Is Your Life in Balance?

by Jennie Dilworth, Ph.D

Keywords: parenting, work-family research, intimate relationships

When I hear the term “work-family balance,” I envision a man or woman on a unicycle with a child under each arm, balancing a spinning plate of food (dinner) from a long rod atop his/her nose. Oh, and let’s not forget about the buzzing cellphone (the boss is calling!) perpetually attached to an ear! This picture would be hilarious if it didn’t, sadly, realistically portray how American parents feel about balancing work and family responsibilities. It can be a real circus!

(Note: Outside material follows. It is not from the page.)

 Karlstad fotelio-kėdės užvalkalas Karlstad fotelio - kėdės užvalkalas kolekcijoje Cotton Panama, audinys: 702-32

Work-family balance may be a misnomer: are work-life and family-life ever really “in balance”? Other related academic terms include work-family conflict or spillover, which may seem a more accurate representation of the process of combining a full-time family life with a full-time career. Spillover, a topic of my previous research[i], does not presuppose that a balance can be reached. In fact, spillover research looks at how, when, and why our experiences in one domain (for example, work) can spill over into another life domain (for example, family).

For many parents, the continuing need to balance a demanding job with the responsibilities of parenting can seem overwhelming. In early work-family research, working mothers (surprise!) were found to suffer both emotionally and physically in response to the stress of juggling work and family roles. However, as more parenting responsibilities now have been shifted to fathers, we see a similar stress response to work-family demands.

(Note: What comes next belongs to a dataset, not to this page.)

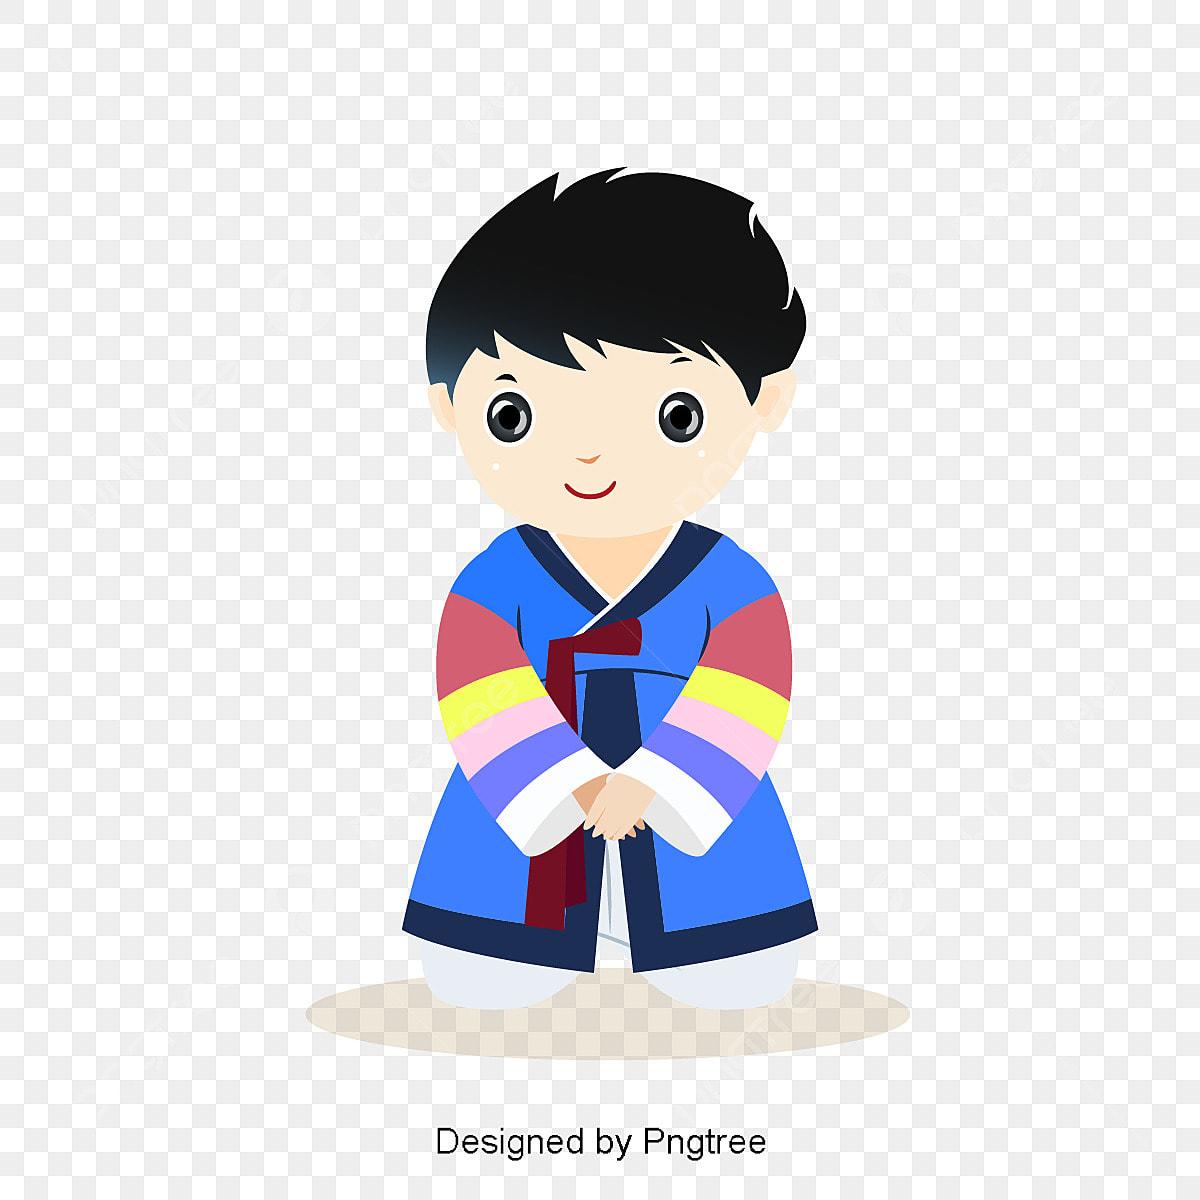 かわいい服を着て韓国服イラスト 少年 漫画少年 漫画キャラクター画像

Is there a light at the end of this tunnel? And, how can work-family research help these families? Here are some suggestions for coping with the inevitable conflict between roles:

  • Hold regular marital and family councils or planning sessions. Whenever appropriate (based on the age of the children), sit down together and record upcoming activities a week or more in advance. Then, display the calendar in a public space where everyone can consult it.
  • Set boundaries to prevent your work responsibilities from spilling over on to family time. Of course, in some professions, you are literally “on call” and expected to immediately respond to a work emergency. However, many workers permit their workplaces to treat them as “on call” even when they are not. Make it clear to co-workers that you will not respond to work-related emails or texts after a certain hour each day because you value your family time.
  • Working from home while caring for your children is a recipe for disaster. One of my favorite “Supernanny” episodes followed a mother who worked full-time from home while caring for her two preschoolers. The outcome: the mother’s boss was mad because she was constantly interrupted by her children, and the mom was angry that her children wouldn’t cooperate with her noble effort. Definitely a lose-lose arrangement!
  • Understand that your feelings of guilt can negatively impact your children. Studies have shown that mothers who feel guilty about working often react to and treat their children differently than mothers who enjoy and accept their work responsibilities. It’s not the fact that you work that impacts your kids, it’s how you feel about working that matters most. FYI: dads don’t report feeling guilty about working.
  • Don’t expect your house to look like Martha Stewart’s home. Relaxing some of your cleanliness and organization standards can help reduce time spent in housecleaning. Do you want your kids to remember how spotless your house was, or how much time you spent playing with them?
  • Take a hard look at your job and that of your spouse. Is full-time work a necessity for both? Can one or both careers become more flexible in terms of telecommuting, reduced travel, or reduced hours? Is it possible to live on one income for a time? More and more families are bucking the dual-career trend and choosing to live on one income, at least for a while. The more simple life created when one spouse works full-time while the other dedicates time to home and family can lead to a more satisfying, stress-free existence for parents and children.  

This article was originally posted on Linked-In.